Fed banking on new data sources

Siloed data could provide a near real-time impression of the health of the economy, says Federal Reserve Board CDO Micheline Casey.

Micheline Casey

Federal Reserve Board CDO Micheline Casey is building a data organization inside the Fed budgeted at about $12 million per year.

The quietest whispers from the Federal Reserve Board can move markets worldwide, so the data the central bank of the United States uses to model its economic projections has to set the standard for reliability and credibility. The Fed also releases its own set of economic indicators, based on data it collects from financial institutions, and established financial information suppliers such as Bloomberg and Reuters.

But the Fed is also beginning to reckon with the explosion of commercial, financial, consumer and other data that has been taking place over the last decade. While there are risks, practical problems and institutional obstacles to incorporating this range of data into the Fed's economic modeling, there are opportunities as well, according to Micheline Casey, the Fed's chief data officer.

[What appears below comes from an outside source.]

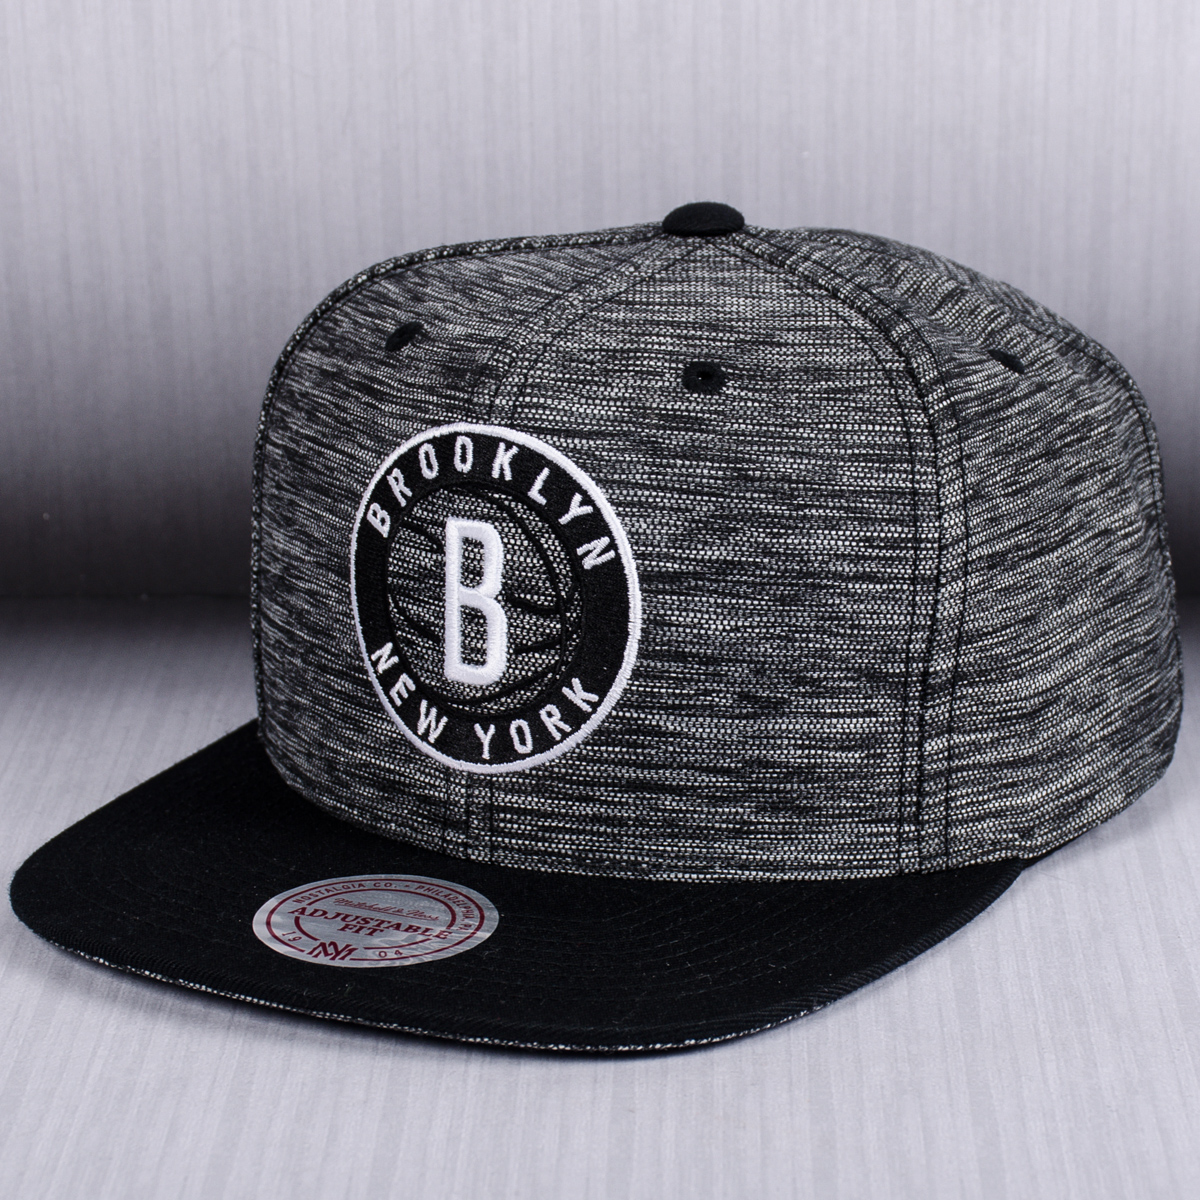 1729ccffaf1688 Mitchell & Ness NBA Brooklyn Nets Prime Knit Snapback Cap - NBA Shop ...

Casey has been on the job for almost two years, and she has been building a data organization inside the Fed budgeted at about $12 million per year, employing about 40 people and growing. She's starting to think about how the oceans of data generated by e-commerce firms, real estate transaction sites, crowd-sourced gas price tools, and even sensor data from roads and mass transit systems that are part of "smart city" systems can help provide Fed policymakers and economists with reliable information.

For example, data from Amazon.com and Walmart could supply up-to-date consumer price information; real estate bidding and closing information from Trulia and Zillow could send signals about slack or pent-up demand in the market; data on 3D printing could augur shifts in manufacturing;  data on the use of emerging companies in the sharing economy like Uber and AirBNB could point to changes in car ownership levels or hotel occupancy.

Collectively, these and other economic signals, buried in disparate silos of proprietary data, could provide a "FitBand for the economy," giving a near real-time impression of the macroeconomic health of the U.S. and the world, Casey said.

"We're always looking to improve our forecasting and understand what's really going on in the economy, and what will happen tomorrow," Casey said in a March 31 keynote at the annual Enterprise Data World conference. "What we've been trying to do over the past several years, as the explosion of data has become much more prevalent, is to move forward and stop driving by looking in the rear-view mirror and start identifying what would be new datasets that could help us predict the future of the economy in near-real time."

Structuring the data

The Fed is in the very early stages of looking at what kinds of data could support a more up-to-date look at the economy.

To put the Fed's needs in context, it is a policymaking organization, not an operational or transactional operation, and doesn't need the volumes or velocity of data that Google or Amazon or a stock exchange might require. But the Fed does have "highly complex data needs that span structured, unstructured, and semi-structured" data, Casey said. "Just having lots more data isn't necessarily helpful," she said.

Casey is looking at sources of high-frequency data, which could speed up publication and reduce the need for revisions of economic measurements, and more granular and geographically targeted data, that could help give policymakers a focus on how the economy is performing in particular cities and regions.

But managing this data poses some challenges. First, the sources of a lot of this e-commerce generated data have been around only for a decade or so, making historical comparisons problematic. There is a selection bias in terms of who is using online products and services. From a data stewardship standpoint, there's no guarantee that data collected today will be maintained in that format five years -- or even five quarters -- in the future.

To meet those challenges, the Office of the Chief Data Officer has introduced new data management roles, including a dedicated team of data governance analysts and data architects.

"We're taking a holistic, enterprise view of how we do the work we do. But particularly as we deal with some of these newer data sets, we can't just throw them into production," Casey said. "We have to figure out how we manage these, what sorts of stewardship would be needed for newly emerging data sets. We're not sure, because some of these data products are so very new, and they're not that stable yet."

There are also technical and infrastructure obstacles to managing new data inventories. "What is big data today will be small data in five years," Casey said. "This is as small as the data will ever be again, so we have to start adjusting now."